§ The data:
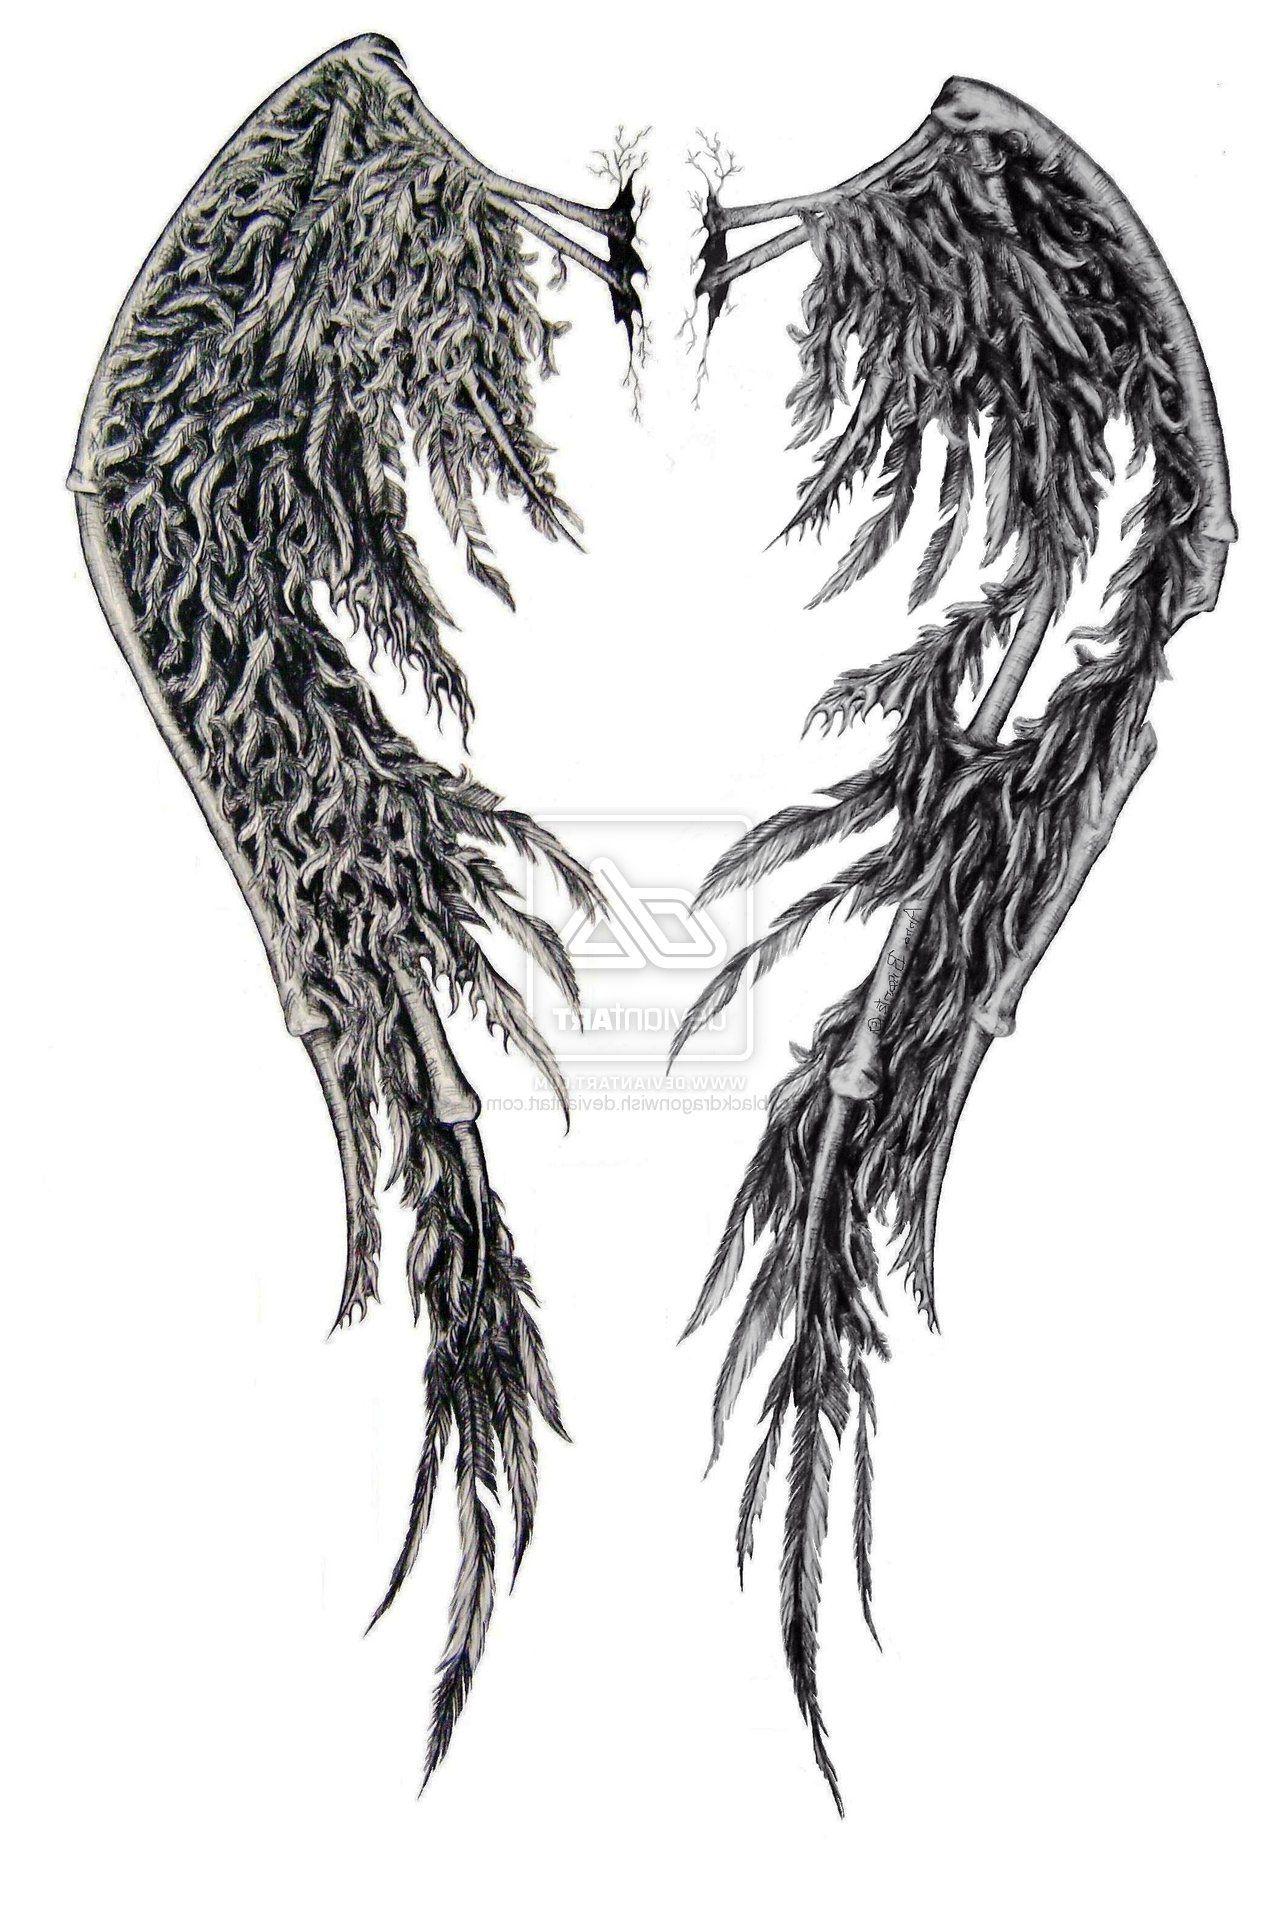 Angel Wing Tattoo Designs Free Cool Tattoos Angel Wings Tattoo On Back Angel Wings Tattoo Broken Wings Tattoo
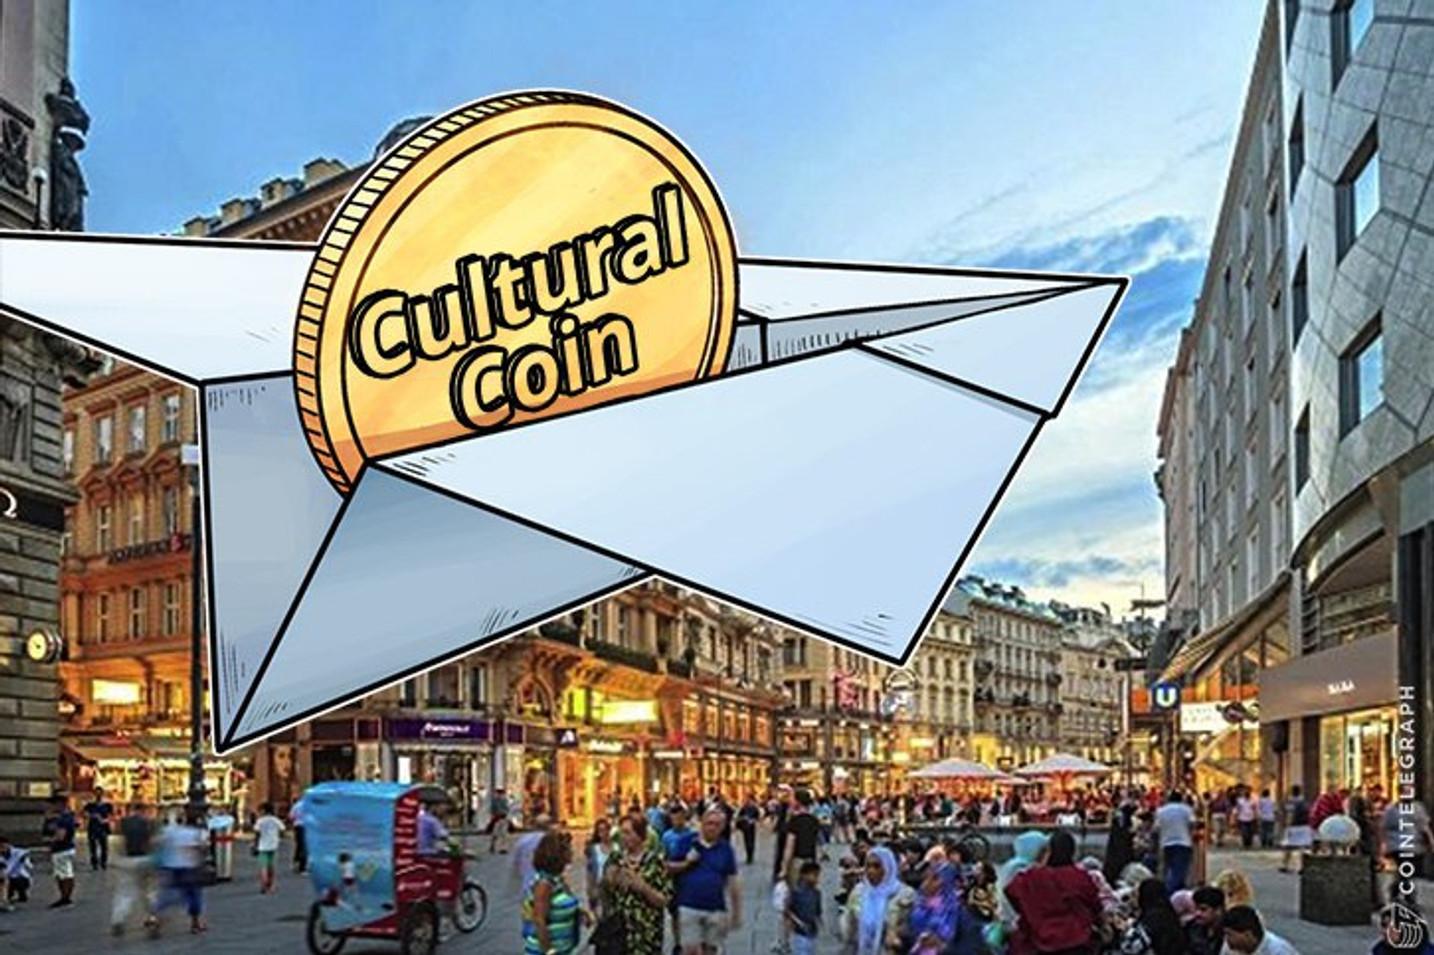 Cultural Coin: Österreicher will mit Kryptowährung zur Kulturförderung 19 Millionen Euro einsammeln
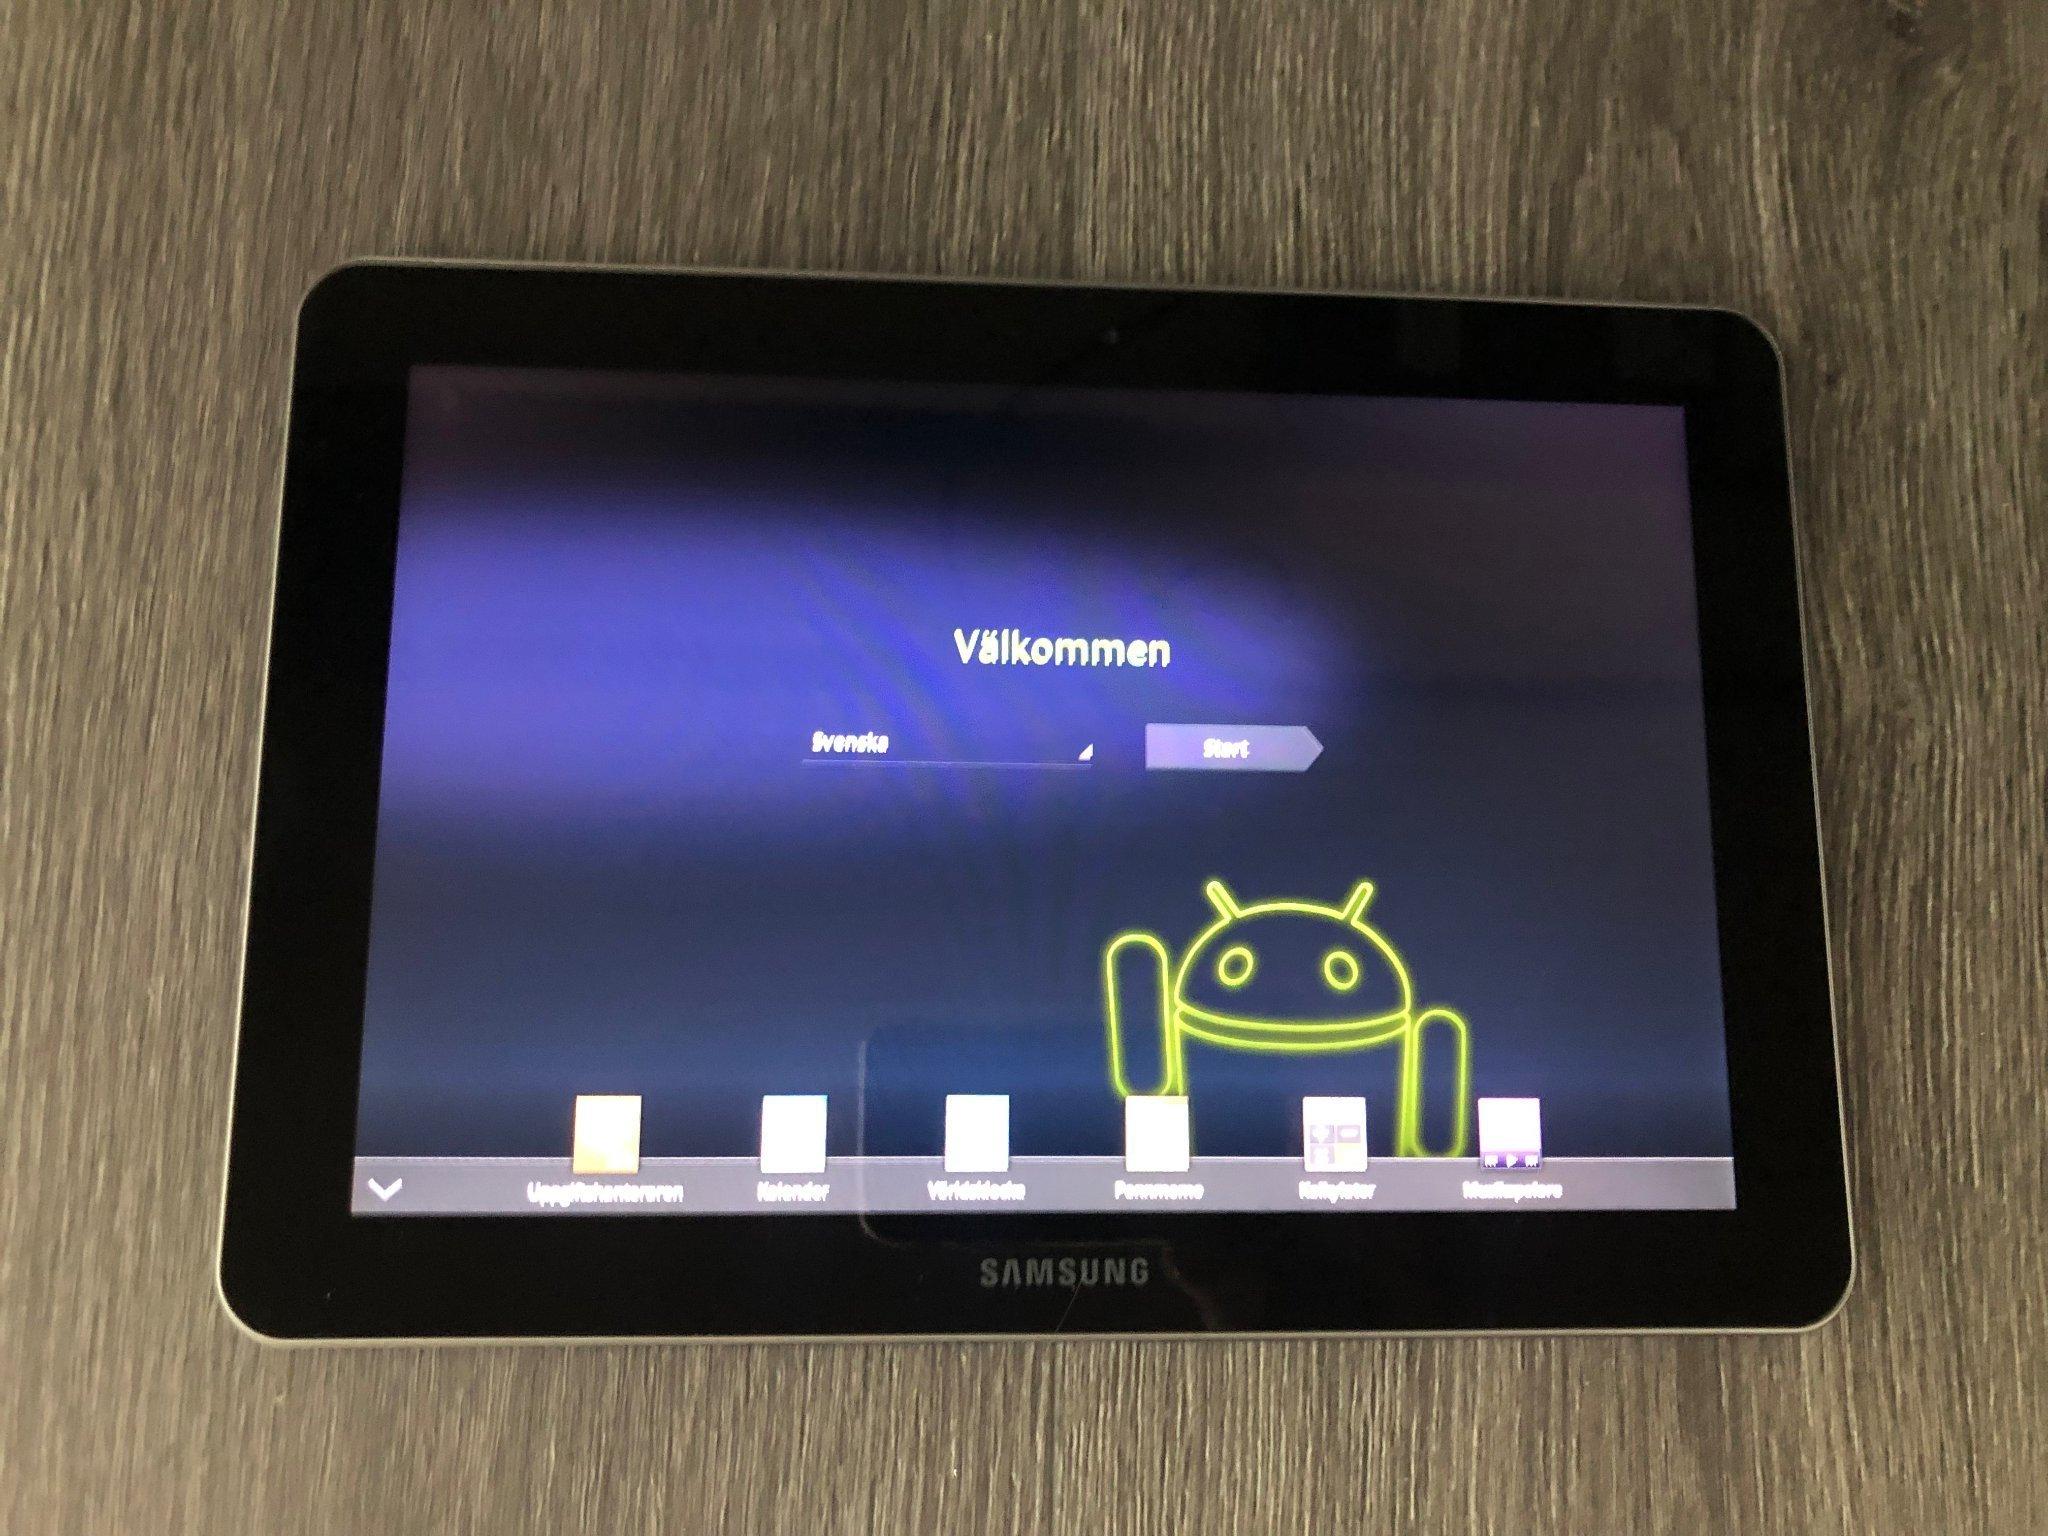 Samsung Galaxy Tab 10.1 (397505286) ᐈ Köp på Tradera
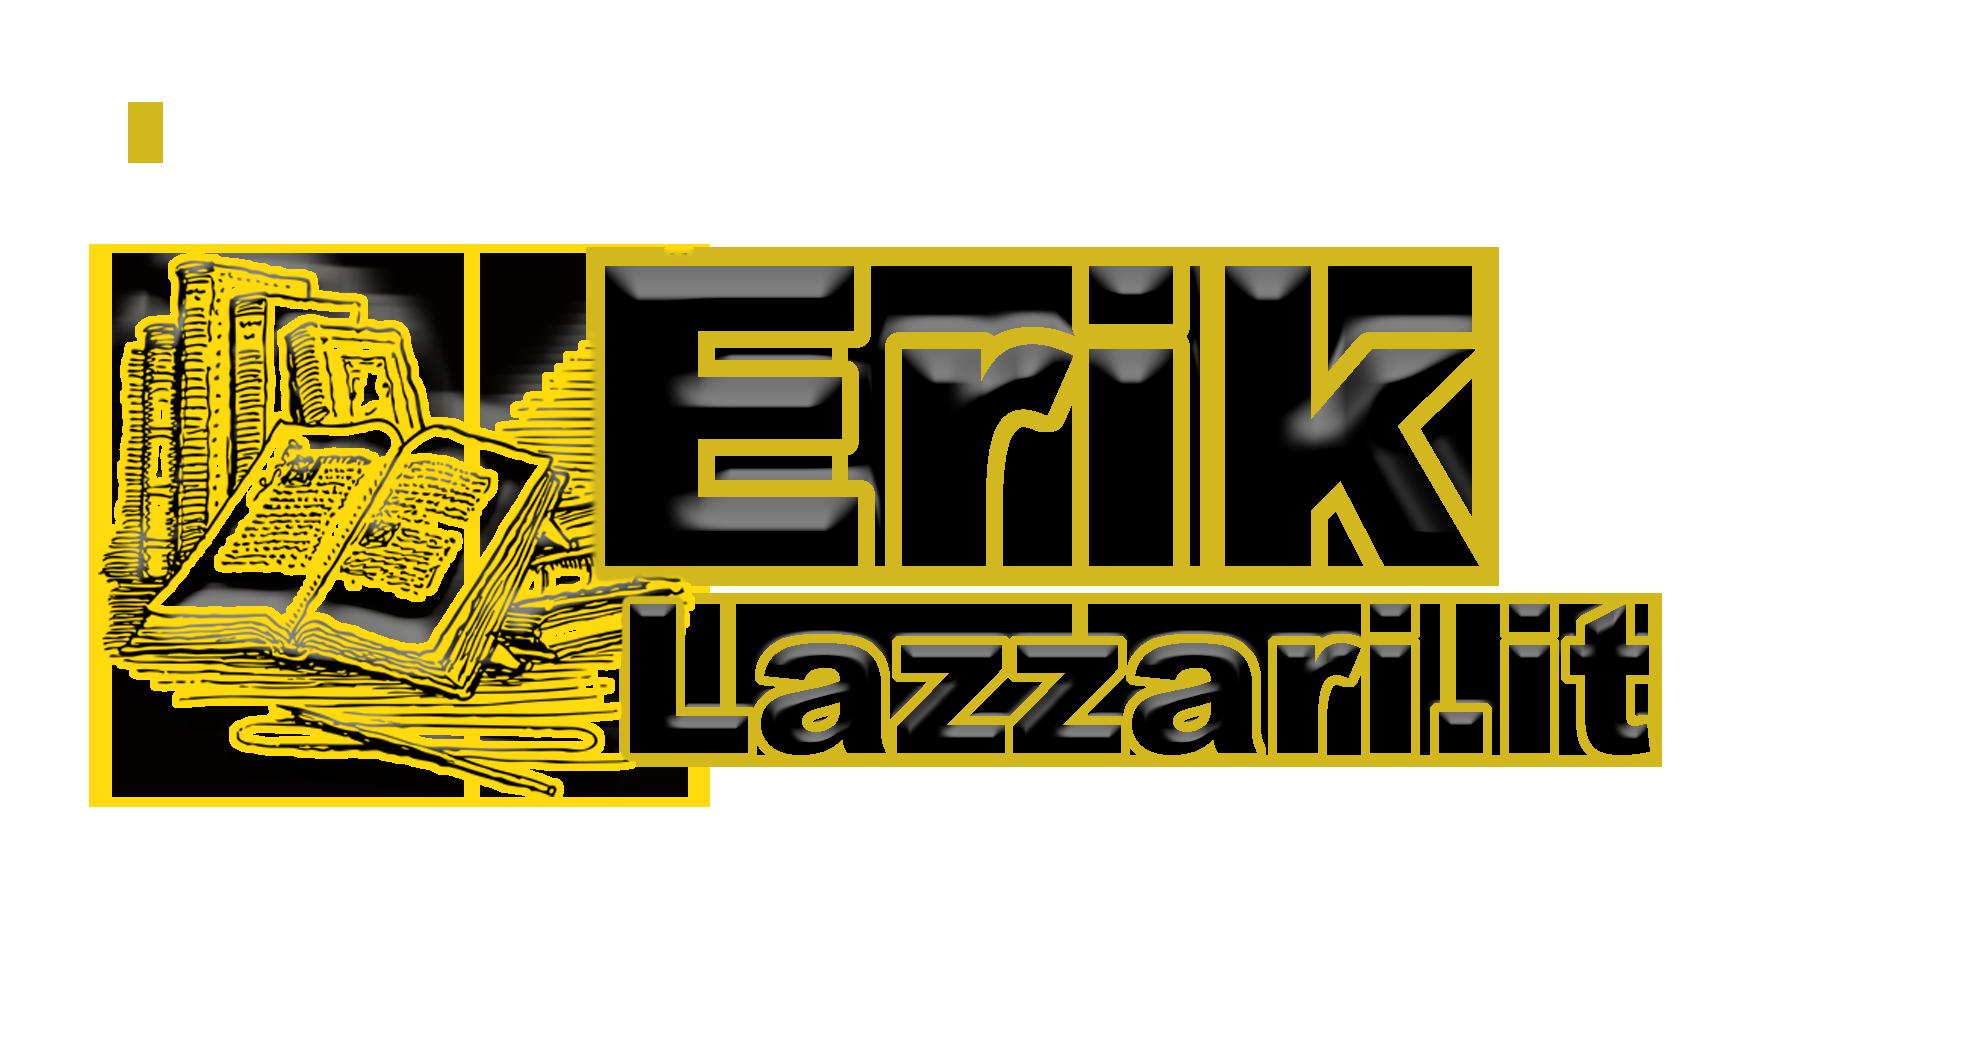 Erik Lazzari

§ What to produce: The lines needed are those from the one containing "Samsung Galaxy Tab" through the end of the listing, given again word for word and without any picture.

§ Solved exercise:
 Samsung Galaxy Tab 10.1 (397505286) ᐈ Köp på Tradera
 Erik Lazzari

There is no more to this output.